Supplied records -
----------
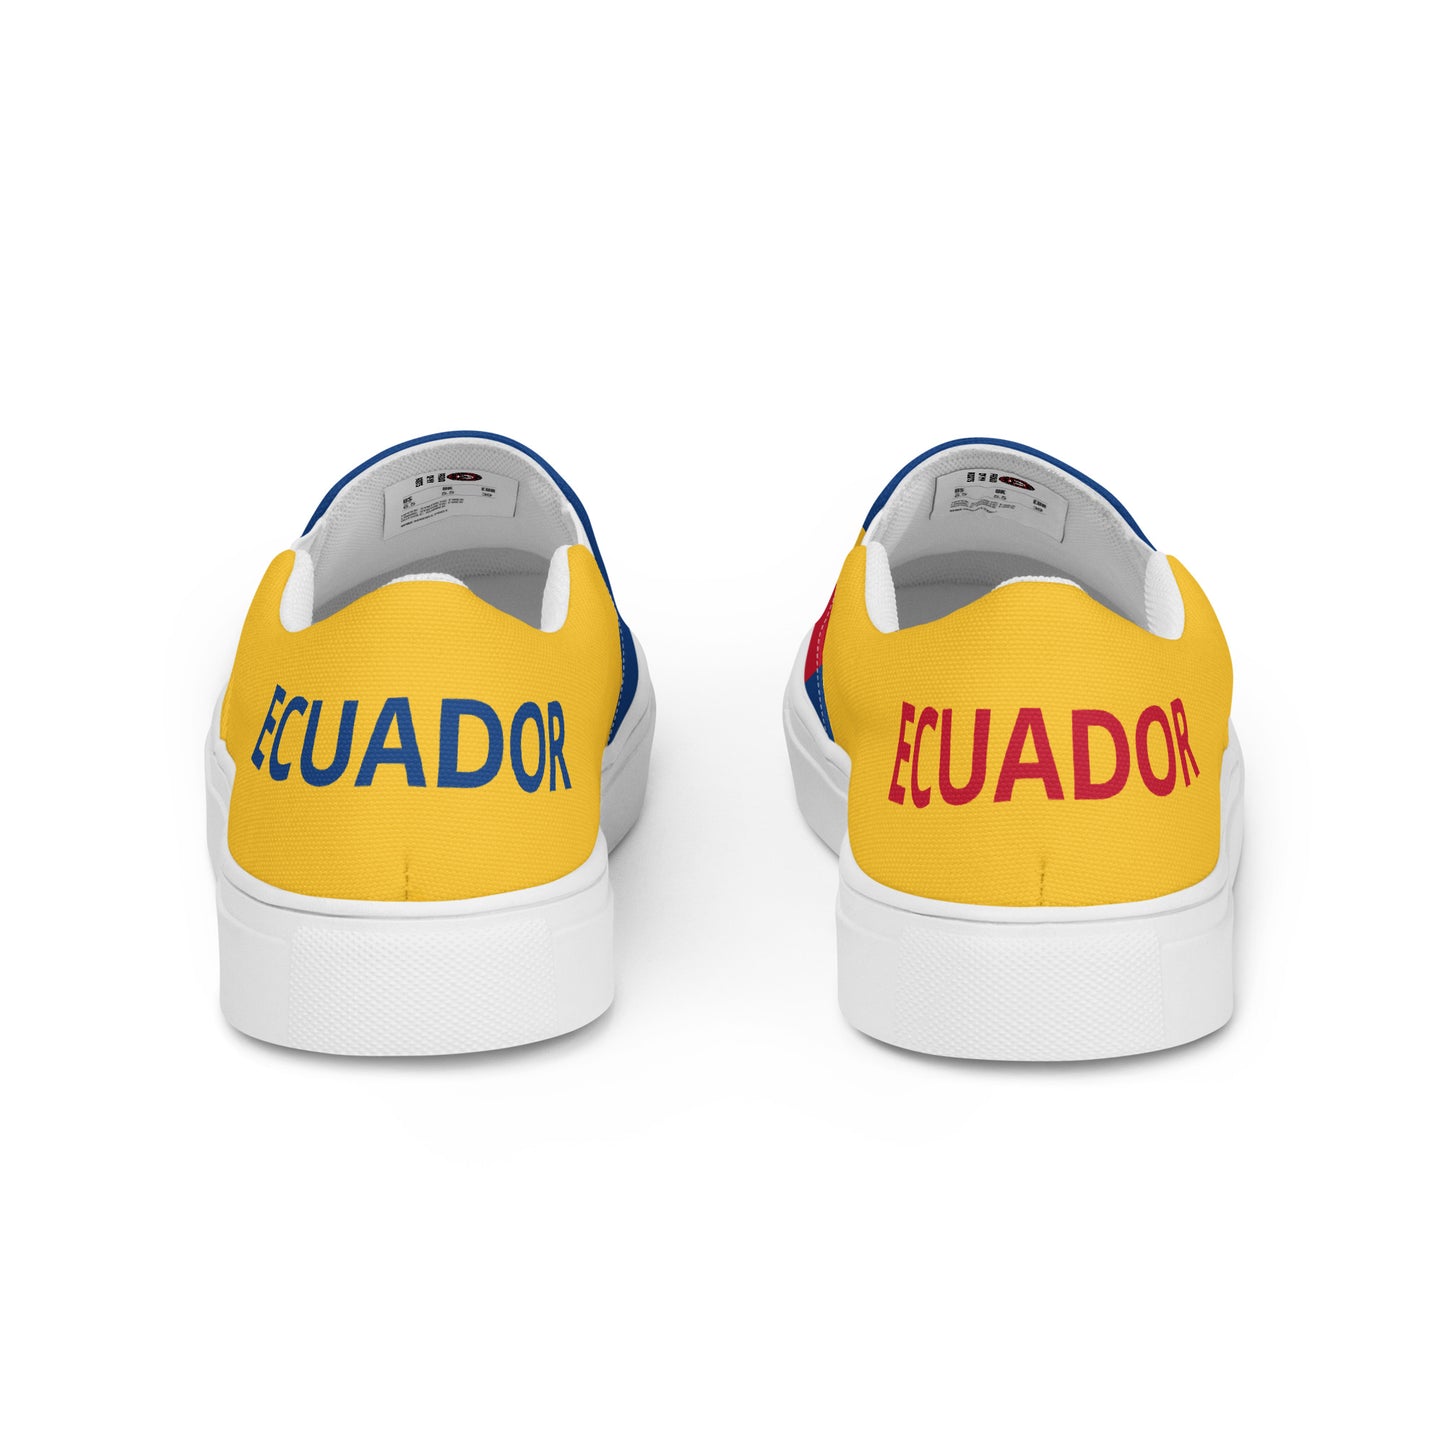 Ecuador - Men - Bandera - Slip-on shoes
----------
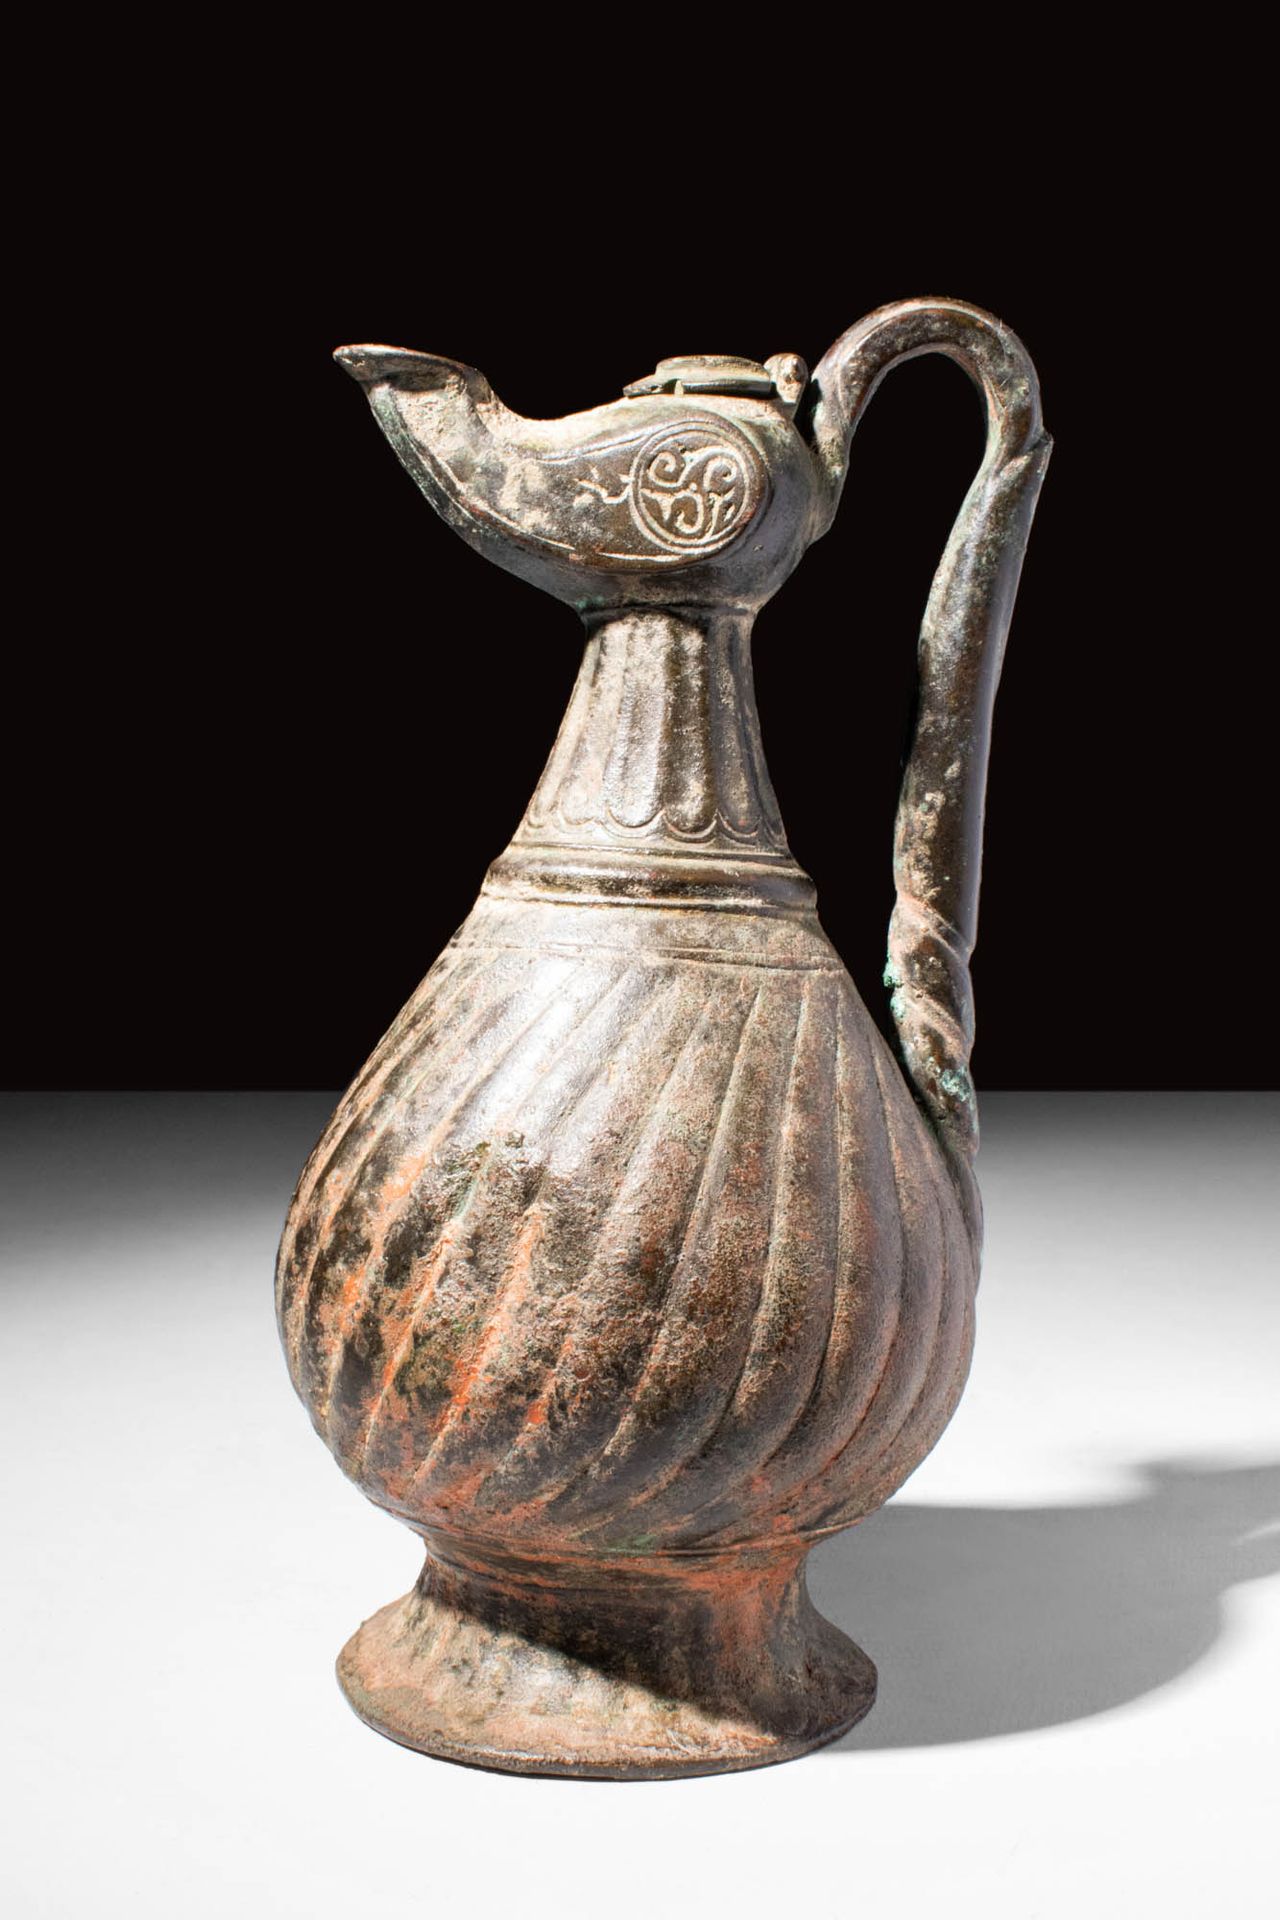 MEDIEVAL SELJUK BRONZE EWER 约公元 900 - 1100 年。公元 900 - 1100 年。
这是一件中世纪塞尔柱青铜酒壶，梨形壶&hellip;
----------
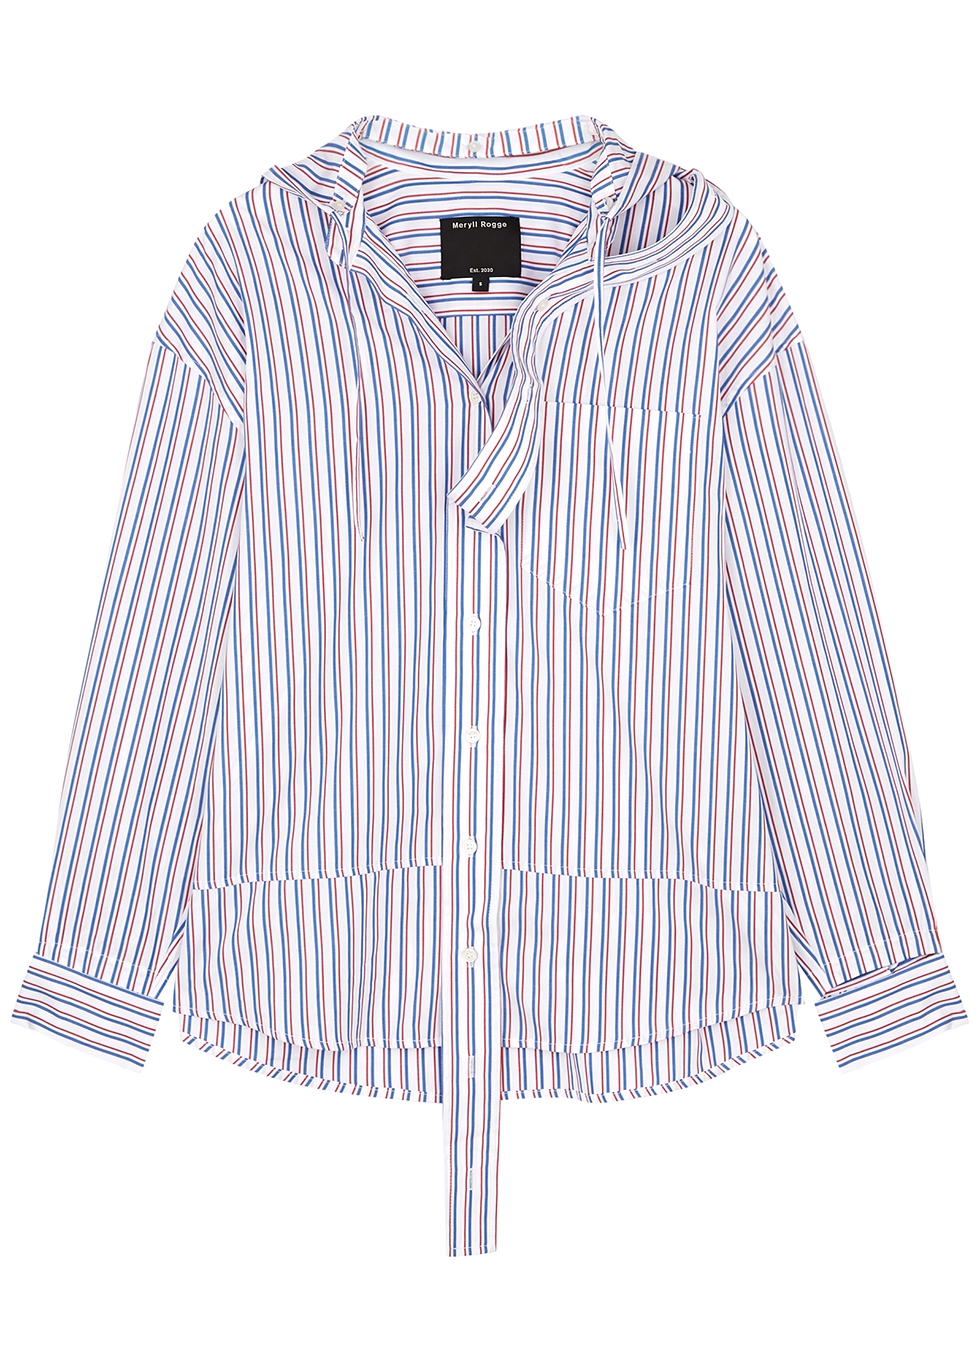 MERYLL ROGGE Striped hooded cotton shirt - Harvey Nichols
----------
What needs to be done - Repeat exactly the lines above, from the line that contains "MEDIEVAL SELJUK BRONZE" down through the line that contains "这是一件中世纪塞尔柱青铜酒壶，梨形壶&hellip;". Include both of those lines and none of the pictures.

Output for this task -
 MEDIEVAL SELJUK BRONZE EWER 约公元 900 - 1100 年。公元 900 - 1100 年。
这是一件中世纪塞尔柱青铜酒壶，梨形壶&hellip;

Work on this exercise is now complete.